Craig (Hansen) later attempted to remove it by pulling hard on the line- but only succeeded in pulling out all the bridles and ripping the skin in multiple places. Such fragility is, unfortunately, an unavoidable disadvantage of using lightweight fabrics- 30gm/sq.m "Skysilk" in this case. In fairness to Craig, our usual 42gm high tenacity nylon with Si/polyurethane coating might have fared rather better. The Tree Kept A Bit
Since then it's been visibly deteriorating- thrashed by the strong winds we regularly get here (not infrequently greater than 100km/hr) and subject to relentless ultra violet (UV) radiation (typically five times Europe).
Flapping destroys fabric; even one day snapping back and forth like a whip in strong thrashing winds can destroy any known fabric (which is one of the reasons why kite energy projects are now tending towards aeroplane style kites made of rigid carbon fibre laminates). No fabric kite can survive even a week up a tree when the northwest wind blows like it does here.
Or so I thought.
Just two weeks ago, (after 14 months) and for some unknown reason, (I'm sure it wouldn't have been to show off) Stefan (Cook) heroically climbed the offending tree and retrieved most of the remains of the said kite (see "The tree kept a bit"). Treed Pilot Repaired
Unbelievably it's still flyable- as well as ever actually. Sure, I had to do extensive repairs and replace ripped out sections, but these were more from Craig's unsuccessful retrieval attempt than from either wind or UV damage.

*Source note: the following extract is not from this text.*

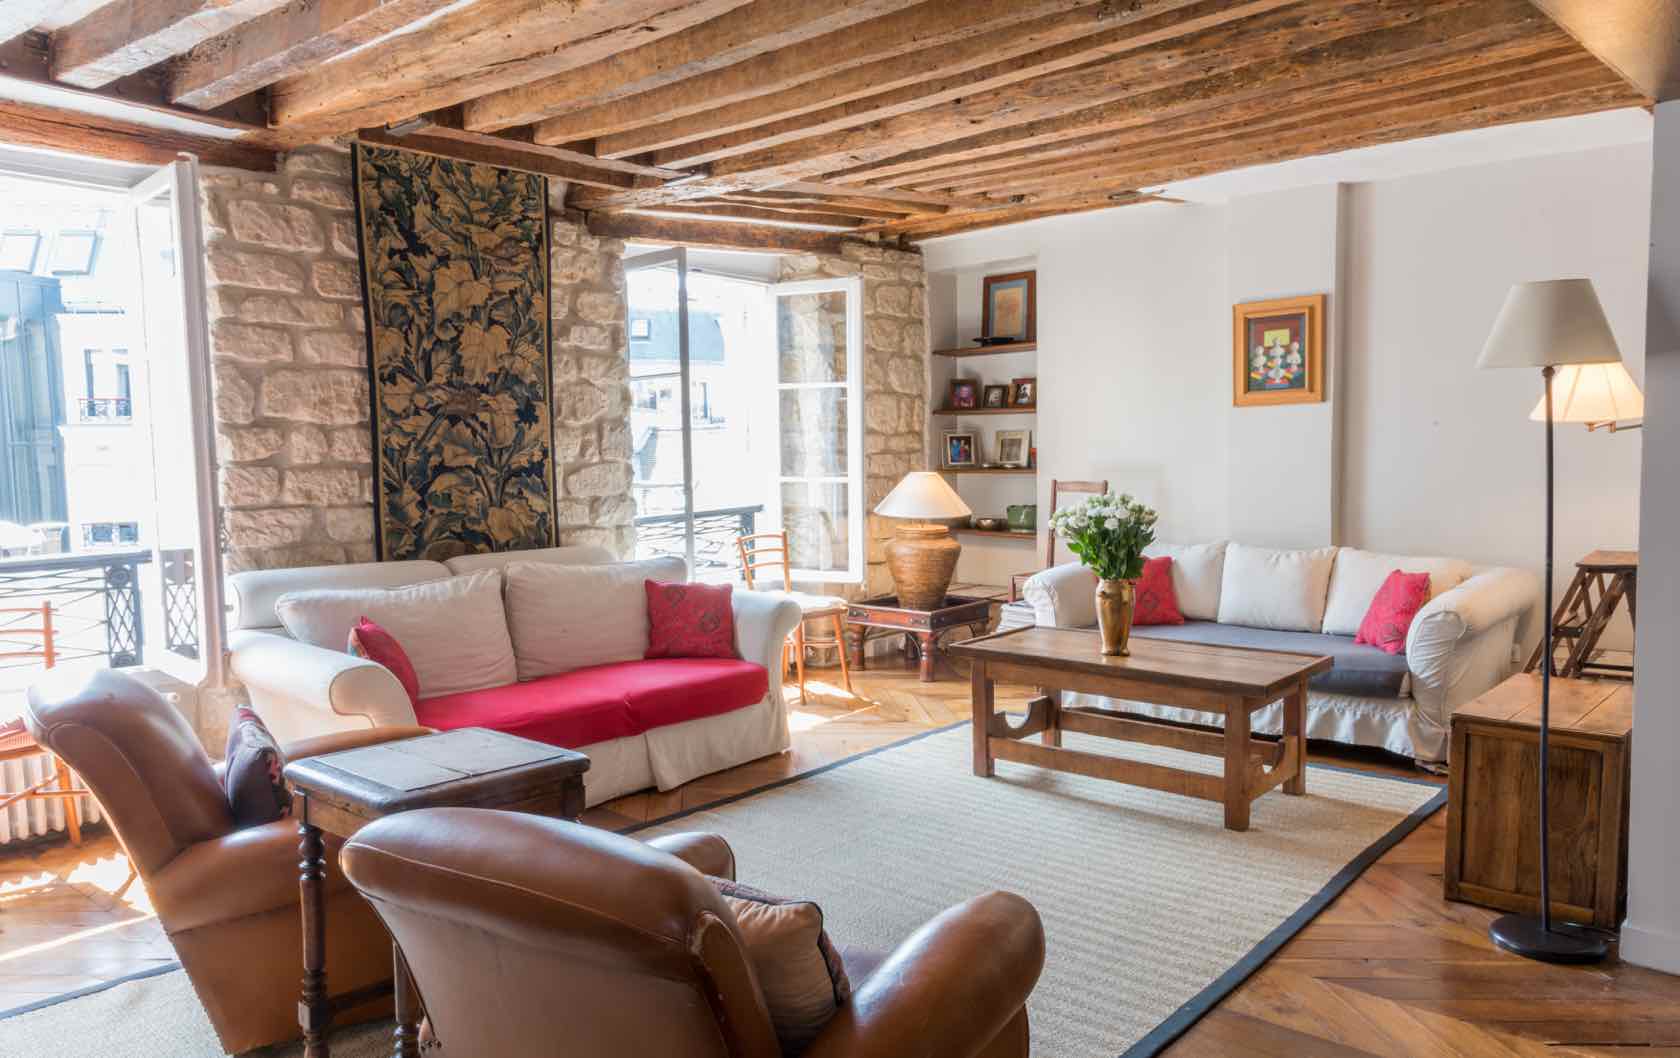 The Dolcetto Apartment – Old-World Comfort in Saint-Germain-des-Près

I wouldn't have been more surprised if Santa Claus had emerged from our fireplace a few nights ago (not least because the chimney's just 150mm diameter).
So then, although fly-ability is the ultimate measure of fabric longevity, I then did some tests on this fabric to get some objective numbers for comparison.

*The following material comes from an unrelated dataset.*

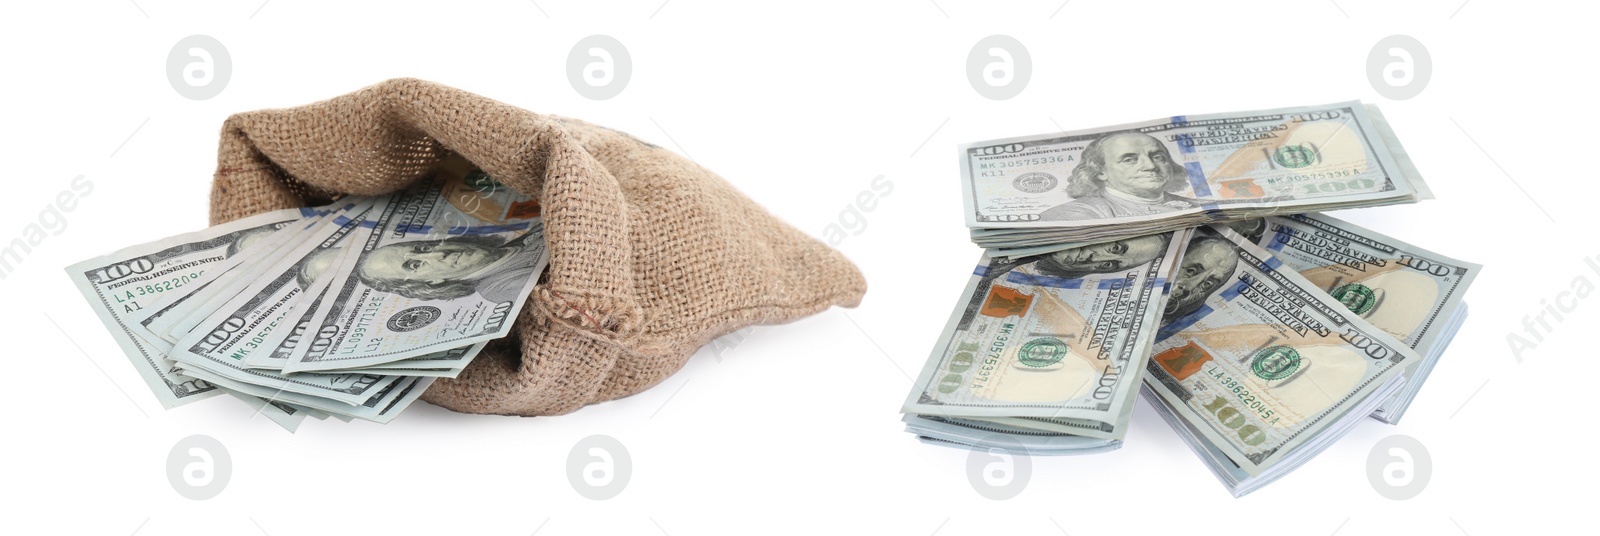 Image of Sack and money on white background. American dollars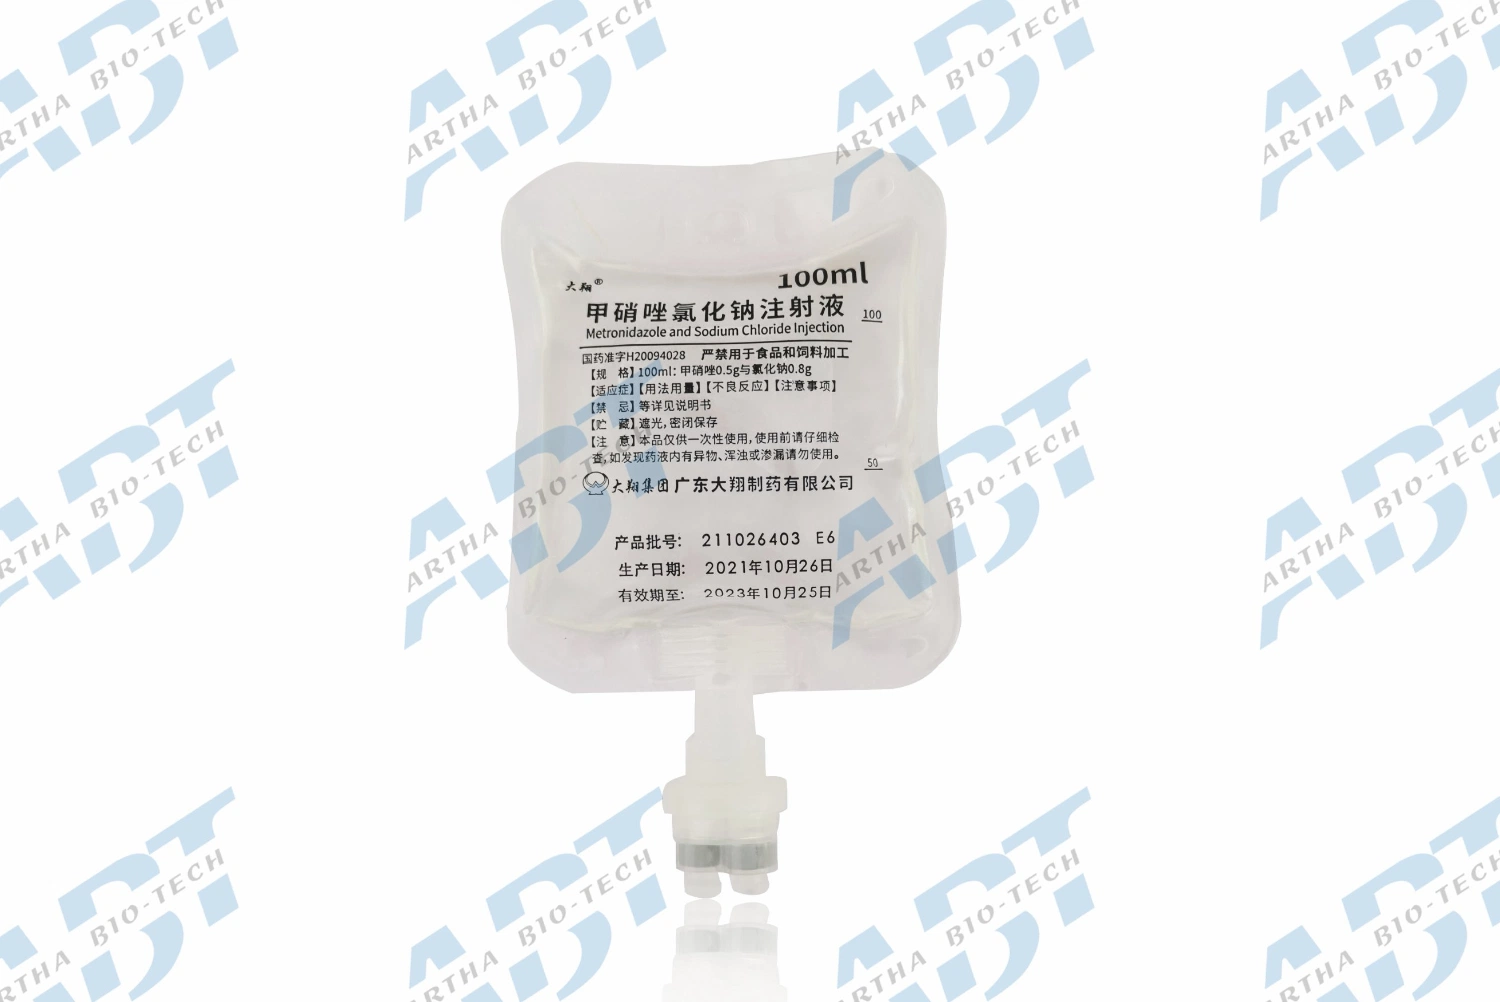 Other Medicine/Medical Products/Finished Medicine/Drug/Infusion/Intravenous Metronidazole and Sodium Chloride Injection 100ml

The first test was for porosity. I have a Swiss made machine for testing this, called, obviously, a Porosimeter. This machine measures the time it takes for a fixed volume of air driven by weighted bellows to pass through a defined area of fabric. Porosity Testing Of Treed Kite
Rip stop kite fabrics are sealed by a coating, but this coating tends to progressively flake off as the fabric becomes fatigued. Coatings are by far the most sophisticated and technically difficult aspect of fabric making-they're what you're paying for in the pricier lines. It might seem paradoxical, but the more complete the coating, the less tear resistant fabric becomes. This is because if the coating completely fills the spaces between fibres and prevents their movement relative to each other than the fabric behaves as an homogenous material and loses the special ability that woven fabrics have to spread point loads out across many filaments. A perfect coating would seal the gaps completely and resist stretch on the bias while still allowing adjacent filaments to move- but there's no such thing as a perfect coating. In practice, the fabric maker's art is in the compromises between sealing (porosity), tear resistance, stretch, longevity and cost. Toray Chikara, a premium grade polyurethane coated 42gm/sq.m nylon generally tests, new, at between 3 and 6 minutes. After say 100 hours of flying in mid-range winds, a Chikara maxi octopus kite might test at 30 seconds around the head area but 1 second at the tentacle ends (they whip a lot). Single skin kites (1, 2 or 4 line) and open leading edge single line ram air kites will still fly (but soggily) at even 1sec porosity test. Open leading edge ram air traction kites lose their sharpness at, say 30sec test, but will still fly down to 5 or 10 secs. Closed leading edge (valved) traction kites like Arcs are out of business by say 20 seconds.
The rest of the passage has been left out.